» **WORK TO BE COMPLETED**:
Output the data below exactly, without images.

» **INFORMATION PROVIDED**:
• • •

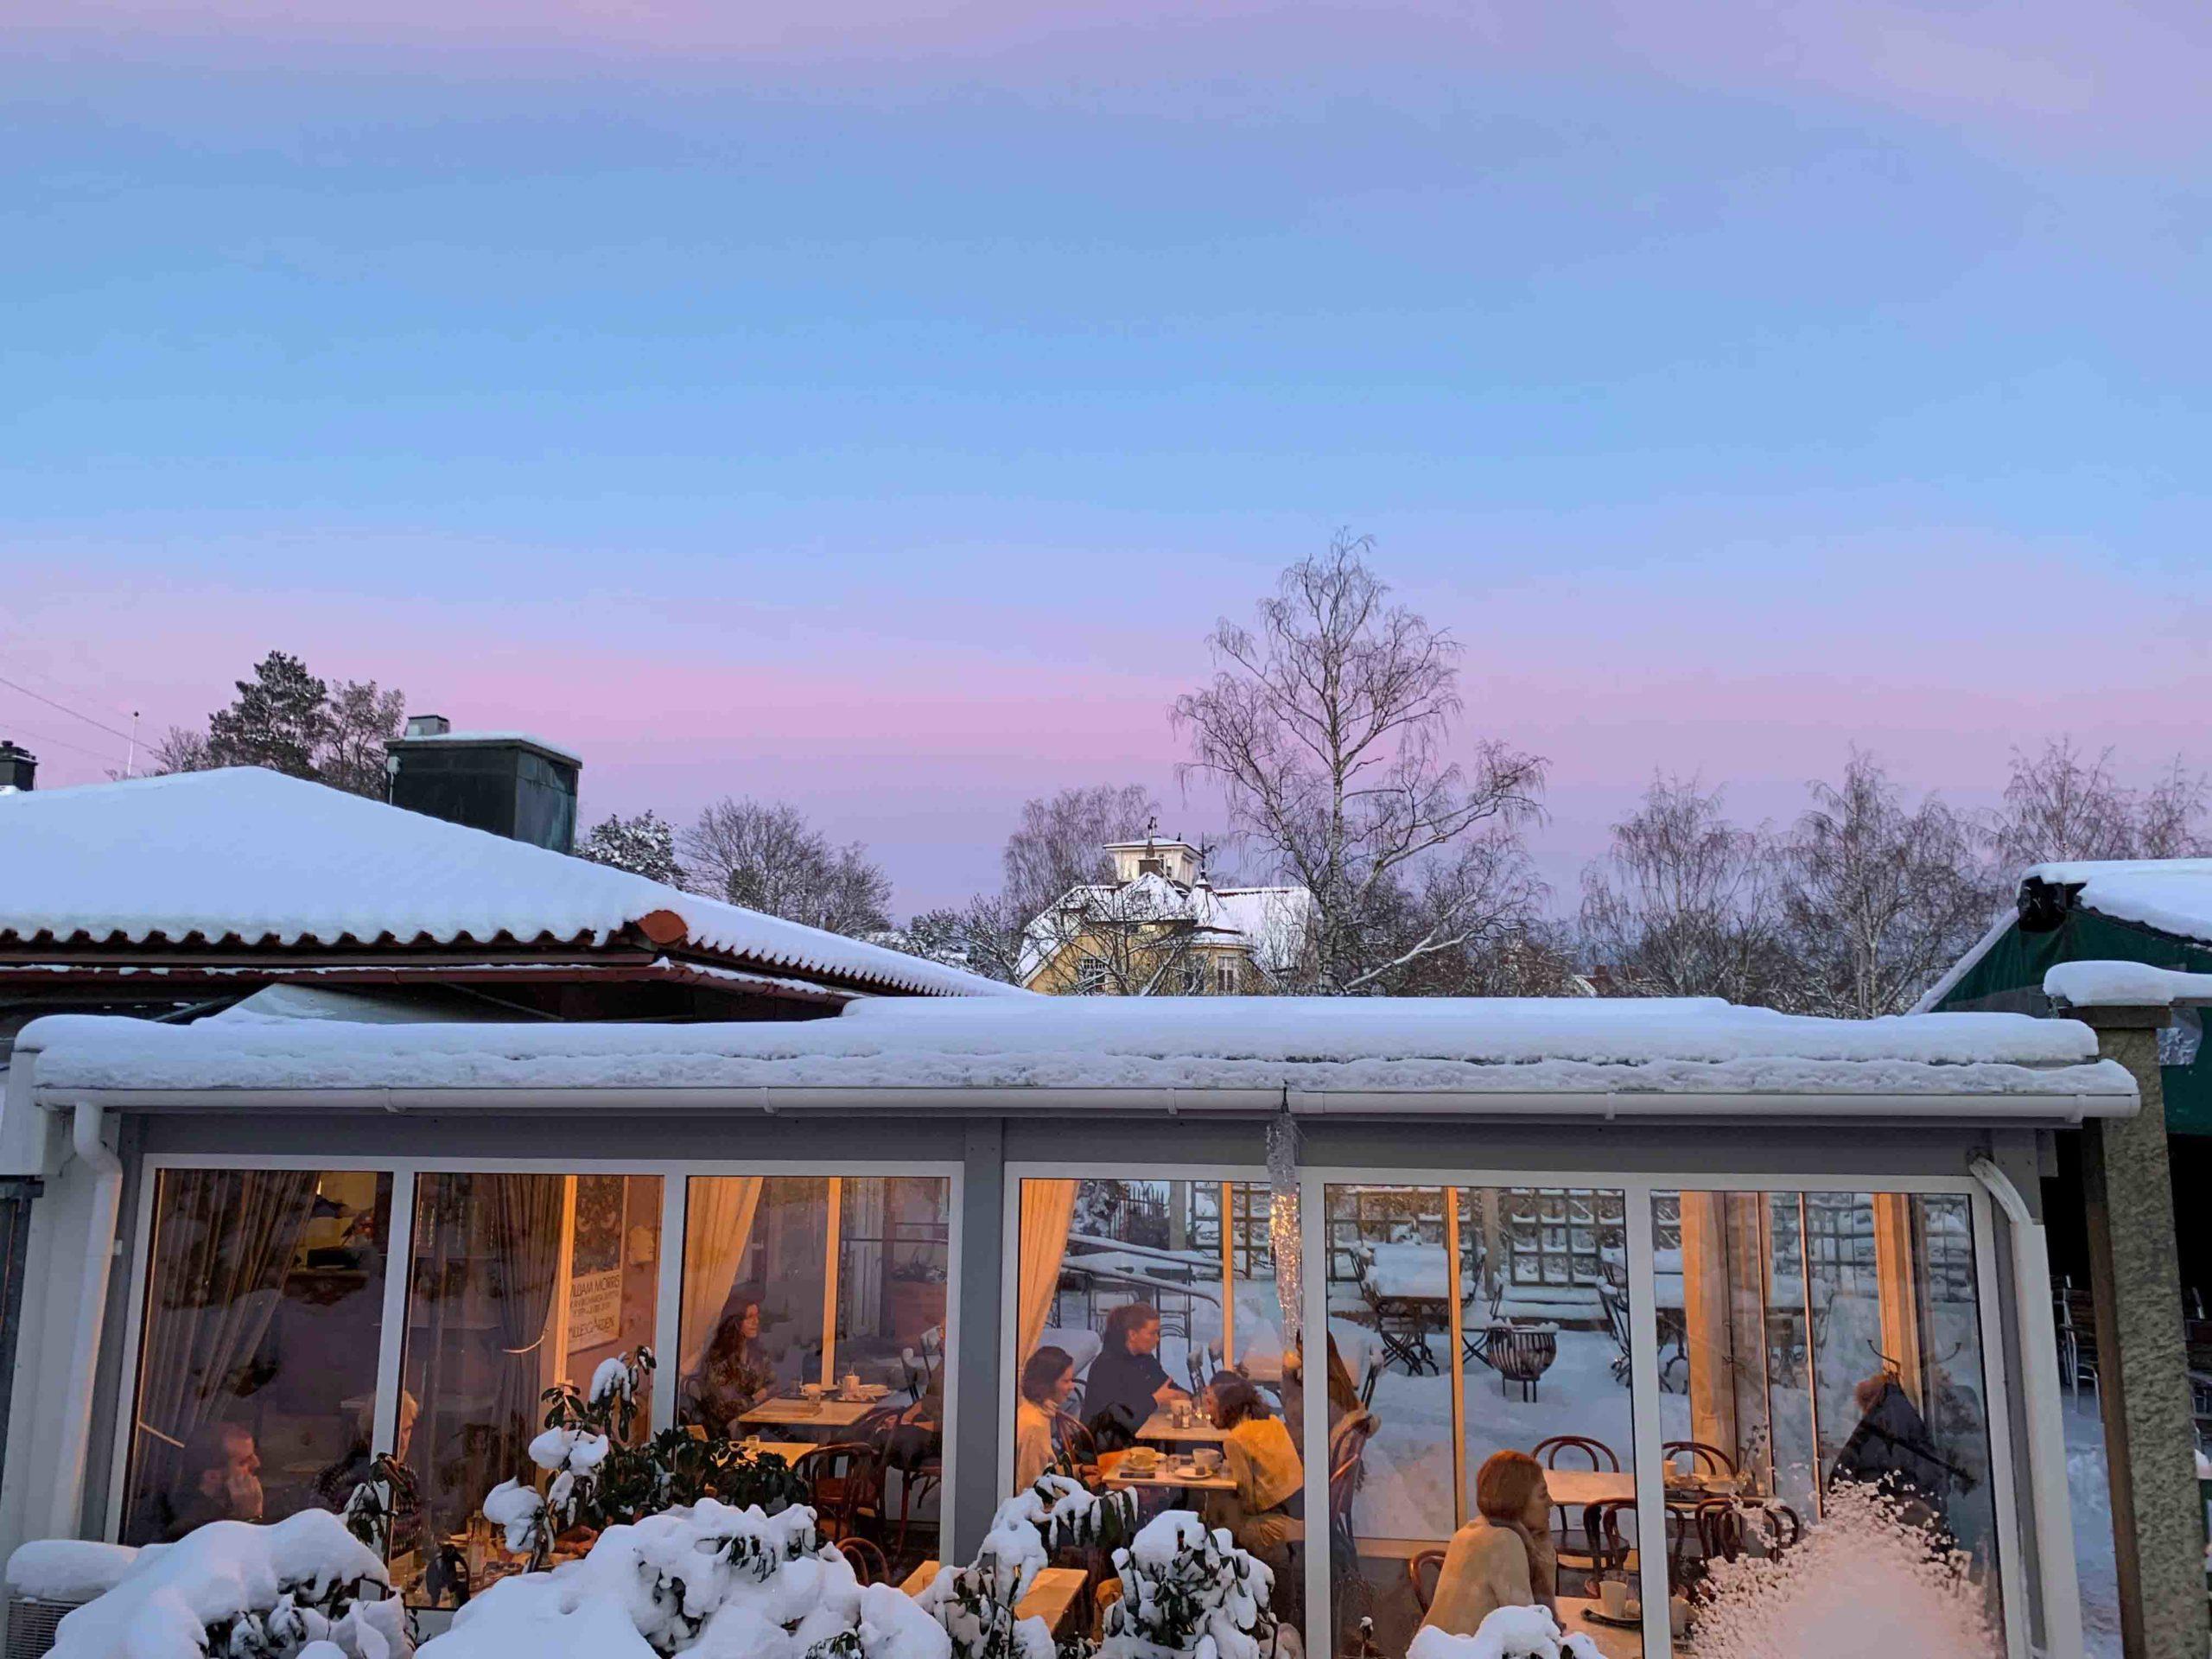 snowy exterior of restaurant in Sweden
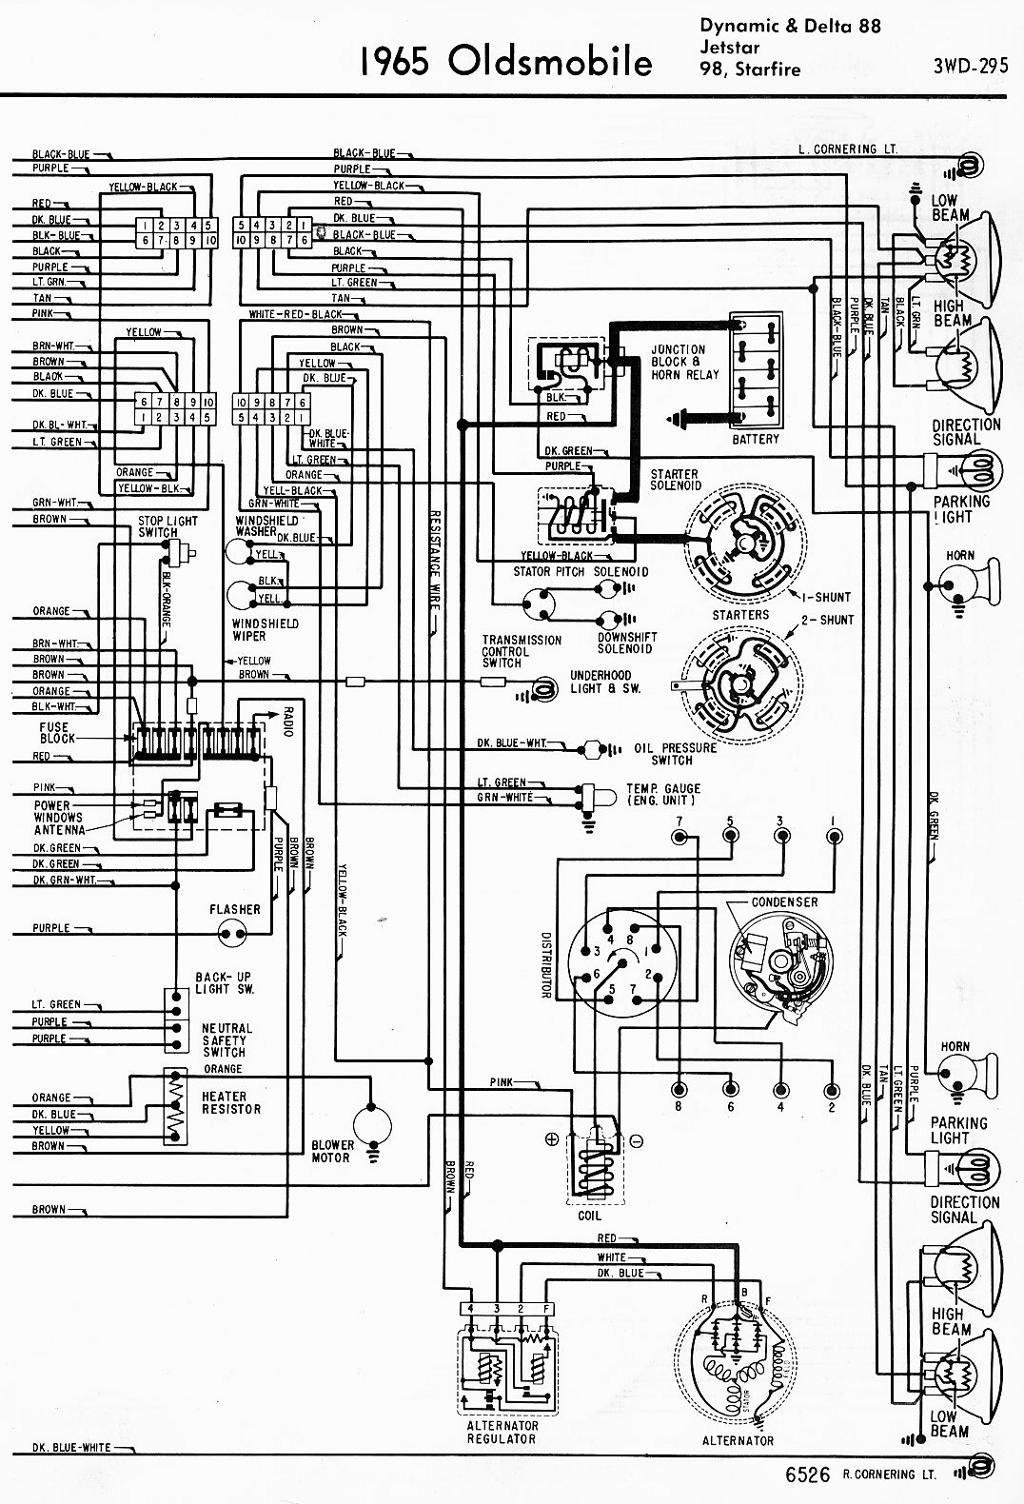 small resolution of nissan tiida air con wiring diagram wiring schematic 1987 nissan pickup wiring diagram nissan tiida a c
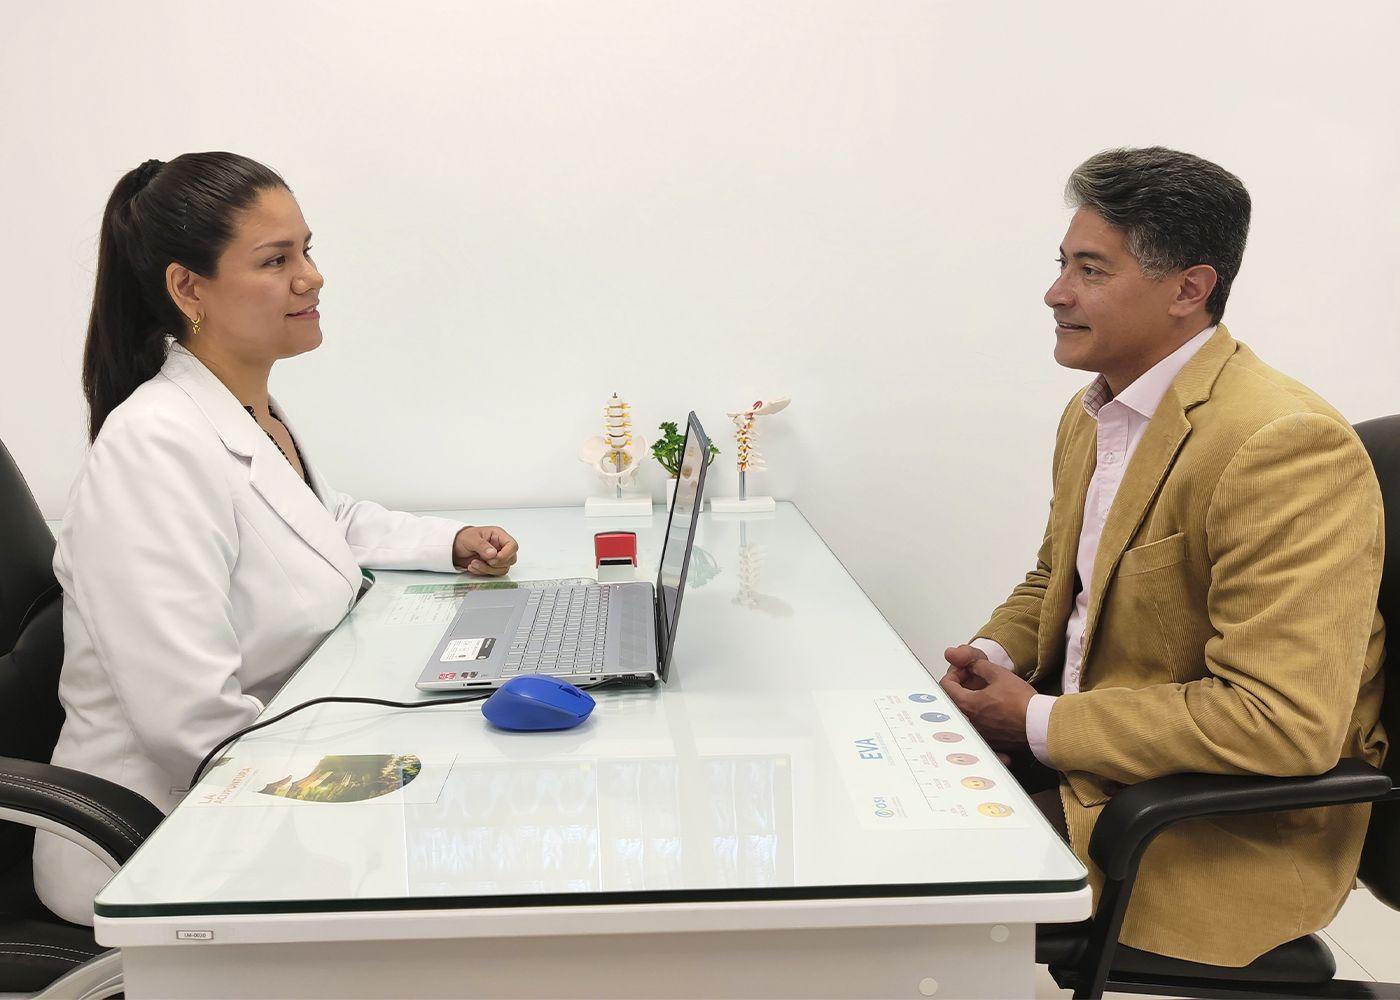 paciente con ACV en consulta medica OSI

• • •

» **ANSWER BELOW**:
 snowy exterior of restaurant in Sweden
 small resolution of nissan tiida air con wiring diagram wiring schematic 1987 nissan pickup wiring diagram nissan tiida a c
 paciente con ACV en consulta medica OSI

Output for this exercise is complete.